Not trying to steal your thunder... Just showing how I did mine.



MiloX said:


> Tuesday, June 19th 2007. T-minus 17 days to the North Georgia Nationals. Lots of work yet to do!
> 
> I got home around 6 today and went back at it. Like i promised yesterday... tonight was spent wiring.
> 
> ...


----------



## Tonyguy (Nov 15, 2007)

God I love that install Milox. So jealous


----------



## doitor (Aug 16, 2007)

I did the exact same thing except that I color coded the wiring.
Wil post my version in a couple of minutes on the tutorial section.
And yes Milox, you stole my thunder. LOL. 
Just kidding.
Yours is the inspiration of mine, just added my touch.
Thanks.


----------



## ///Audience (Jan 31, 2007)

doitor said:


> I did the exact same thing except that I color coded the wiring.
> Wil post my version in a couple of minutes on the tutorial section.
> And yes Milox, you stole my thunder. LOL.
> Just kidding.
> ...


I got to see this install recently and it looks amazing! im looking forward to the write up


----------



## doitor (Aug 16, 2007)

Just posted it on the tutorial section.


----------



## MiloX (May 22, 2005)

Cool. 

The color coding is the perfect touch for this technique. Especially for the competior. I should have done that with mine. 

Good work Dr.!!!!


----------



## Infinity (Jun 28, 2005)

You guys are killing my K.I.S.S install.
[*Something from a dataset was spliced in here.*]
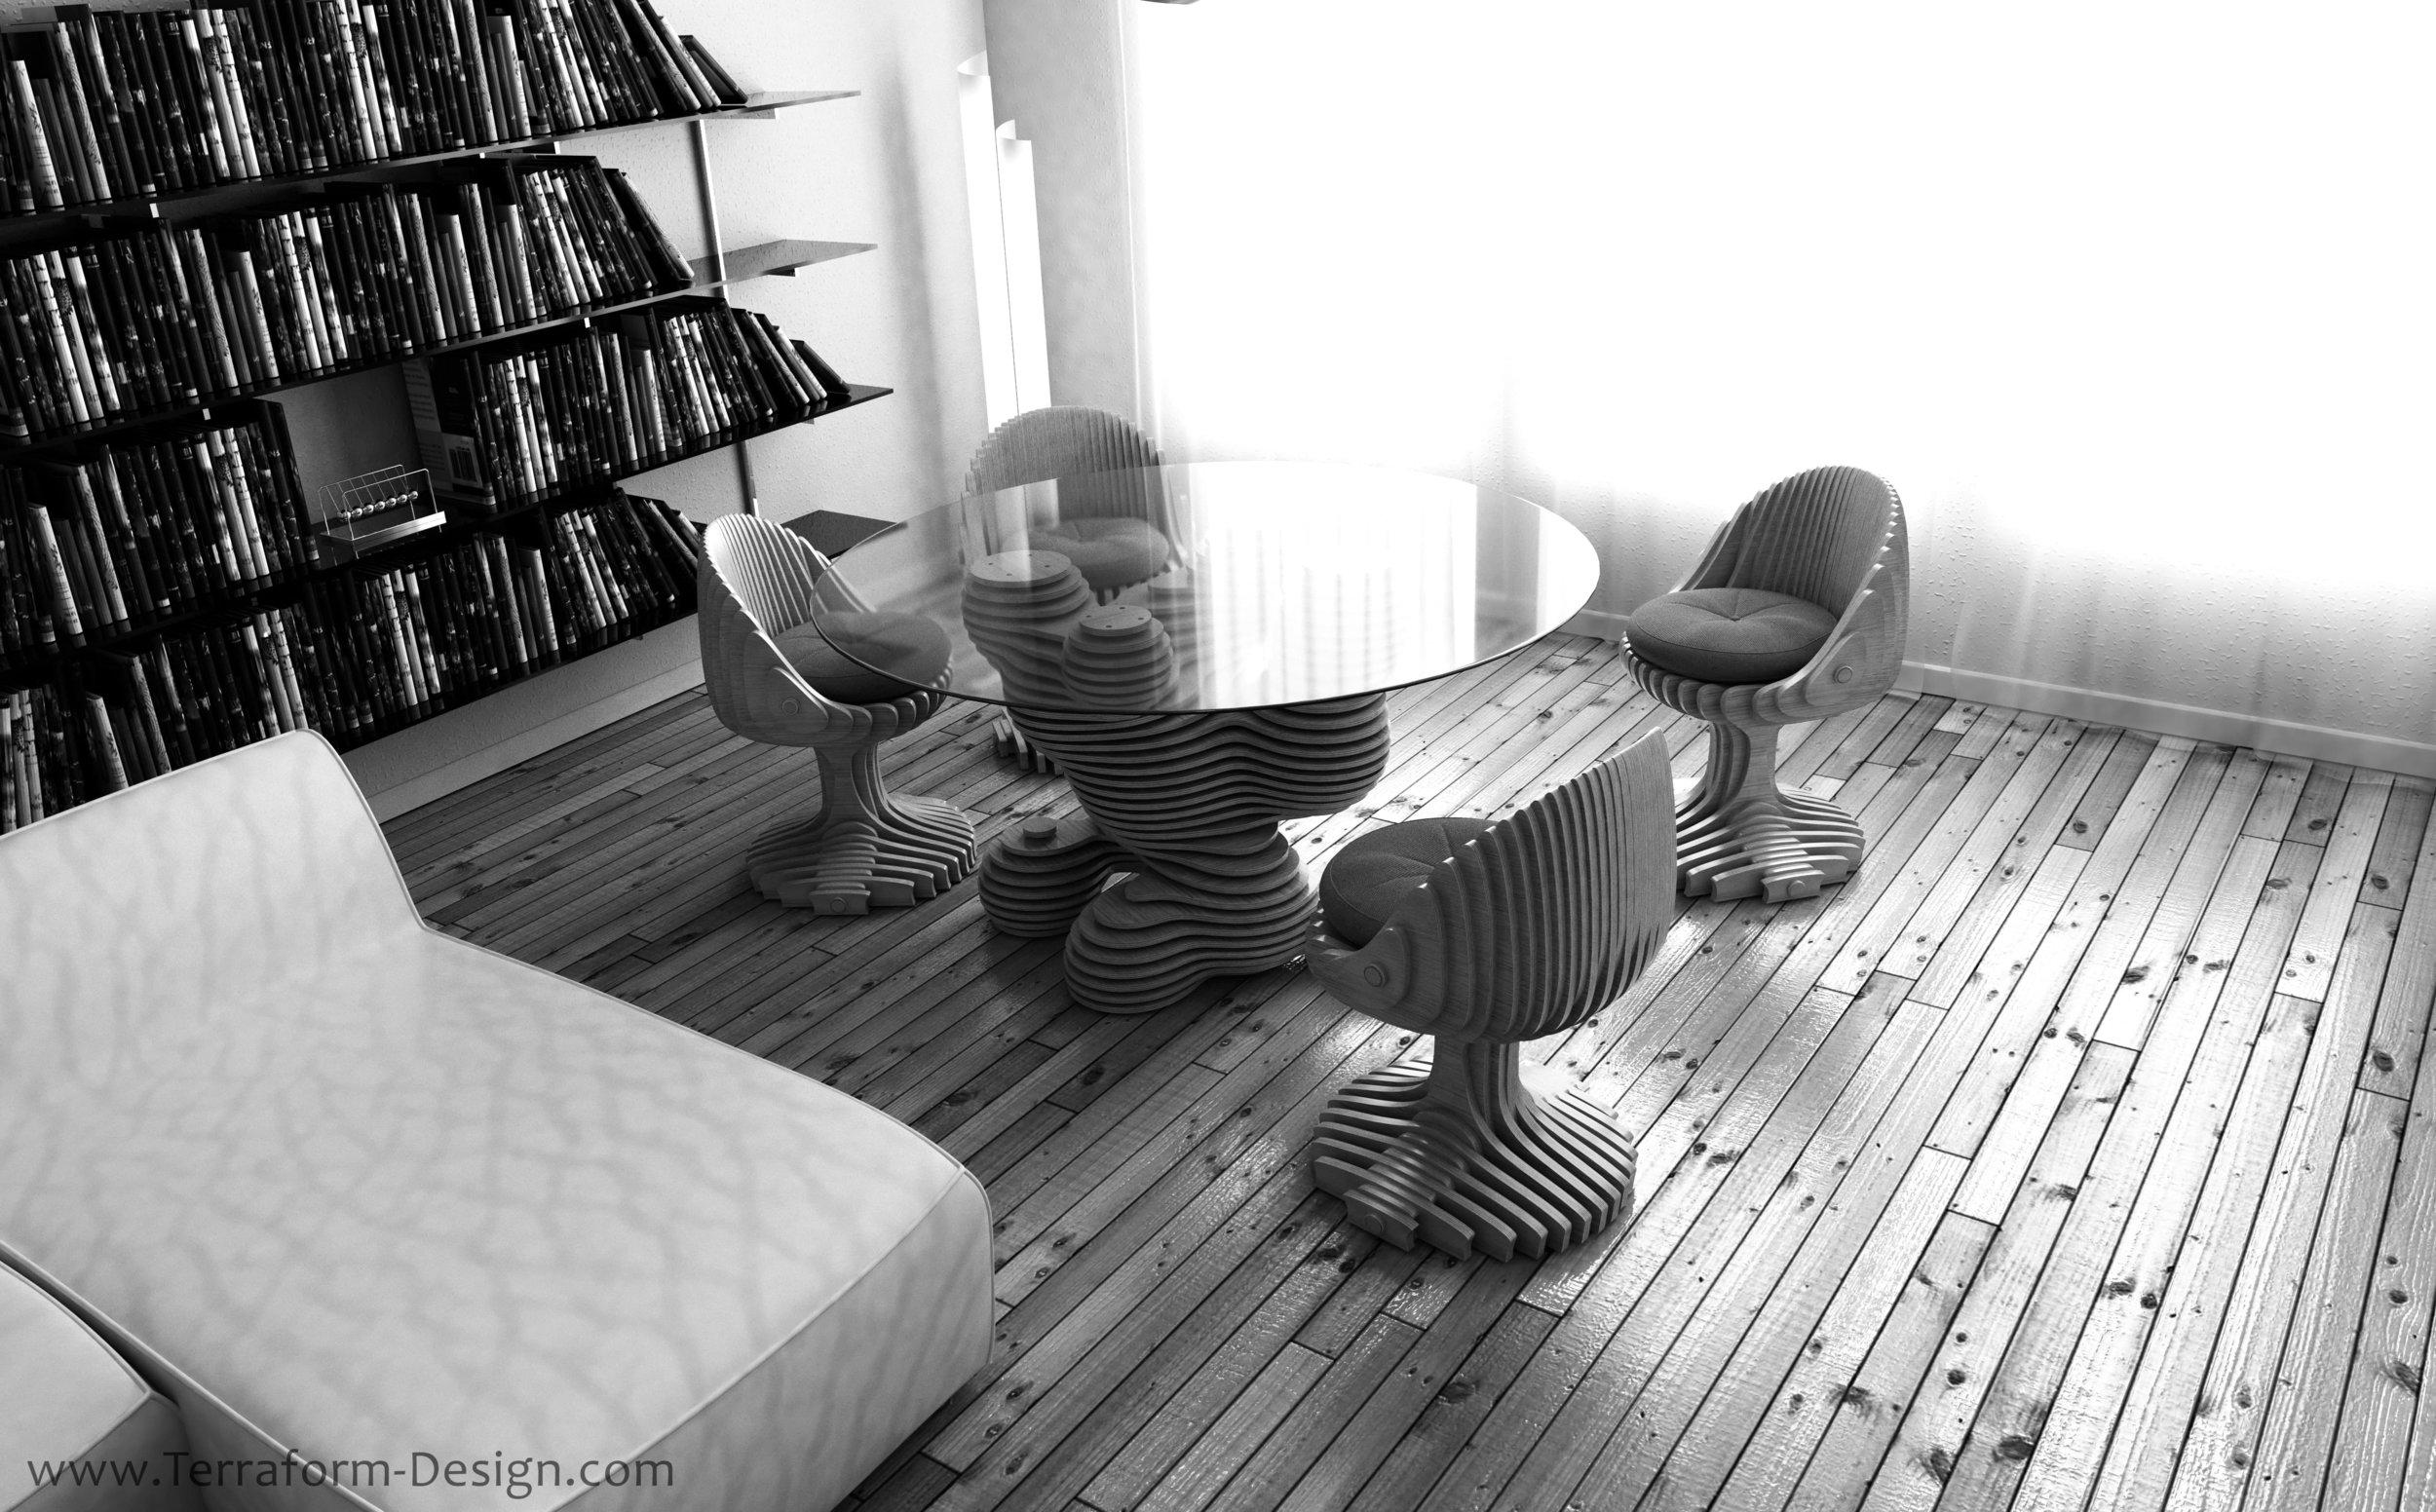 orbitalis classic 3 w – sectioned parametric furniture cnc router postmodern organic geometric plywood table terraform design.jpg
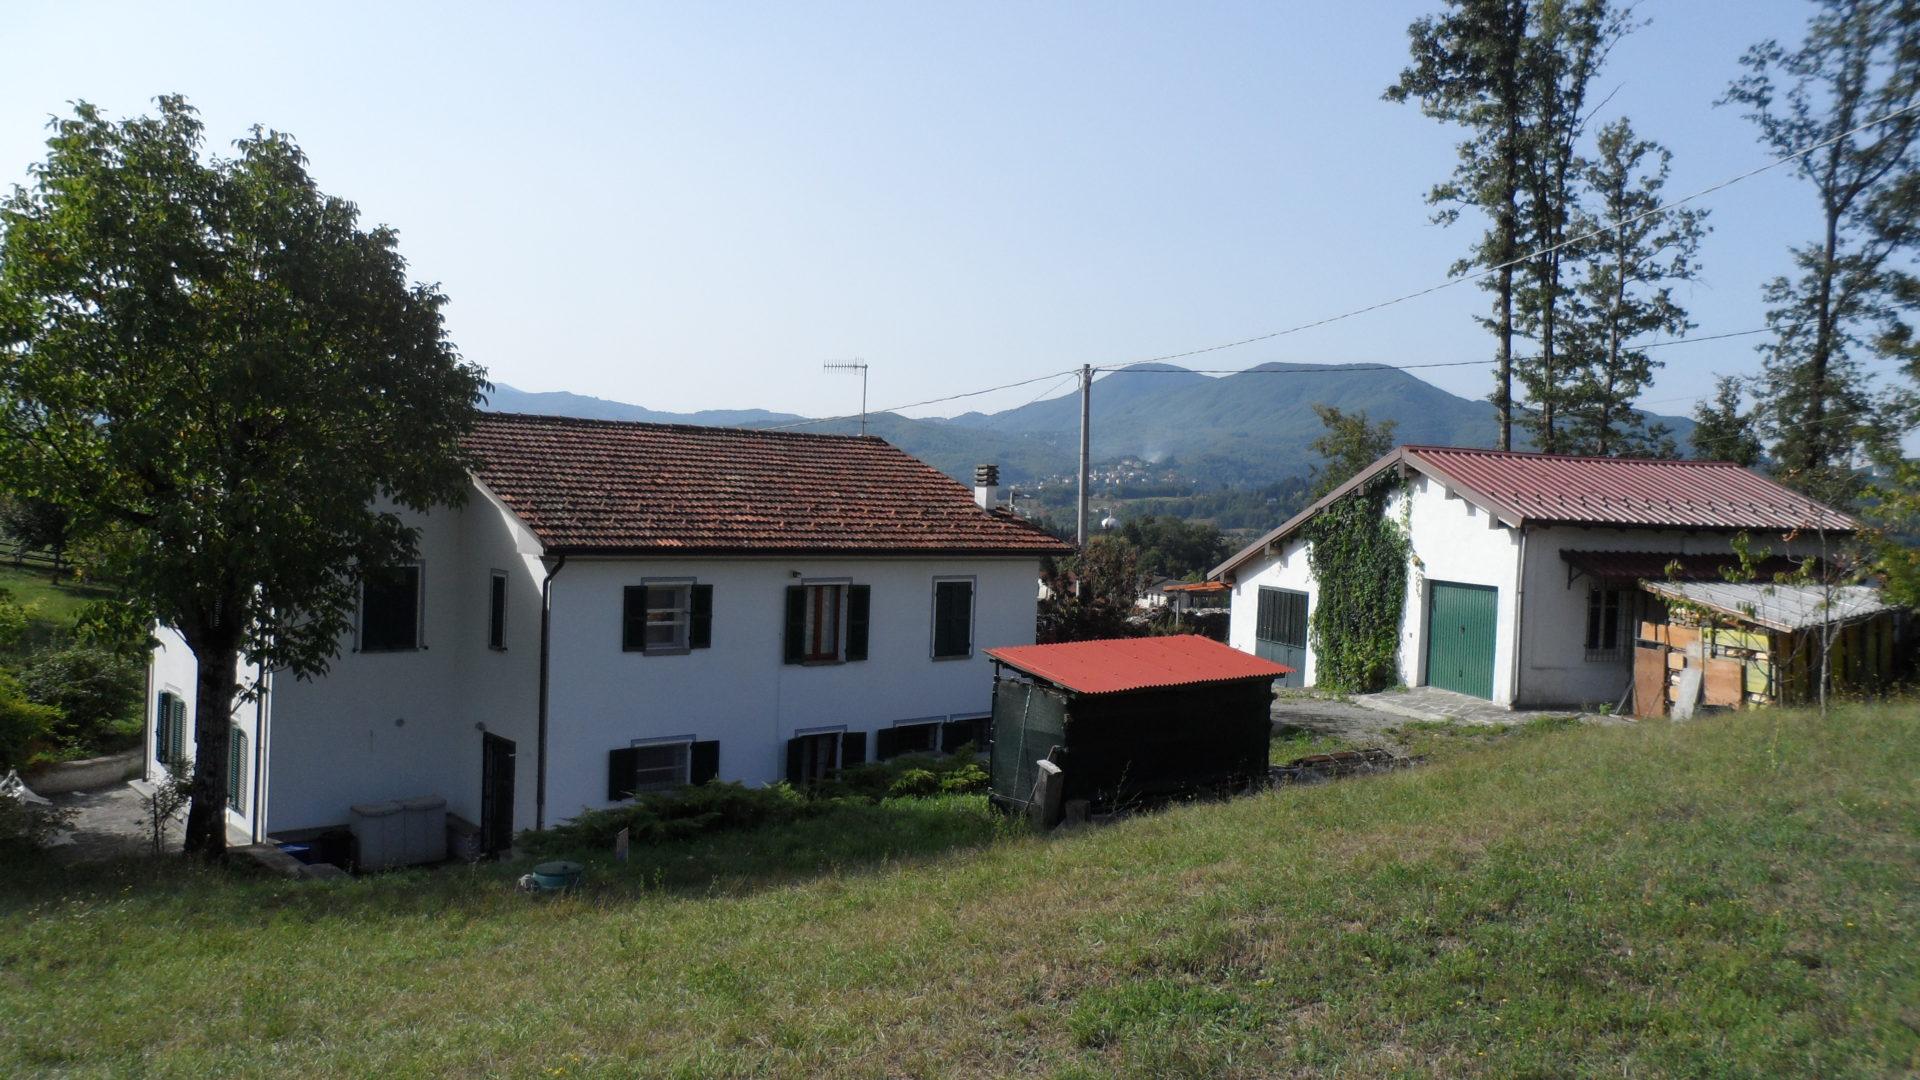 Casa con terreno bedonia a557 alessandrini casa - Casa con terreno murcia ...

I just put 60+ feet of various TechFlex products, and a bunch of differing heatshrinks in my cart  I may as well do it right the first time.


----------



## MuTT (Apr 4, 2007)

Not sure if it qualifies, as its not installed yet but heres the wire harness I made for my 3-way front


----------



## GlasSman (Nov 14, 2006)

Nice work Mutt.


----------



## MiloX (May 22, 2005)

Very nice mutt!

Terminal blocks FTW!!!!!!


----------



## dbTroy (Nov 30, 2007)

Sorry for the newb question, but what are the terminal blocks used for?


----------



## MuTT (Apr 4, 2007)

dbTroy said:


> Sorry for the newb question, but what are the terminal blocks used for?


Well for me I'm using them for the speaker wire, one end up front and one in the back, as I do plan to change equipment every so often and dont want to have to run the wire fresh every time so this way I'll have a short run from the block to the speakers and another to the amps, everything changes up in minutes instead of hours.

....plus i thought they looked cool in MiloX's install


----------



## Sassmastersq (Jan 12, 2007)

Lookin good MuTT!! I wanna hear it when you're done!


----------



## MiloX (May 22, 2005)

MuTT said:


> ...dont want to have to run the wire fresh every time s...














MuTT said:


> ....plus i thought they looked cool in MiloX's install


----------



## MiloX (May 22, 2005)

Doitor,

I was thinking about your install the other day... (I know... sick, right? Sitting in my office at work thinking about your install..).

The ONLY thing you may want to consider is tinning the leads of those speaker wires. That way you will never have to worry about stray wires not going into the amp terminals... also adds a finishing touch that a judge may like to see.


----------



## MuTT (Apr 4, 2007)

Sassmastersq said:


> Lookin good MuTT!! I wanna hear it when you're done!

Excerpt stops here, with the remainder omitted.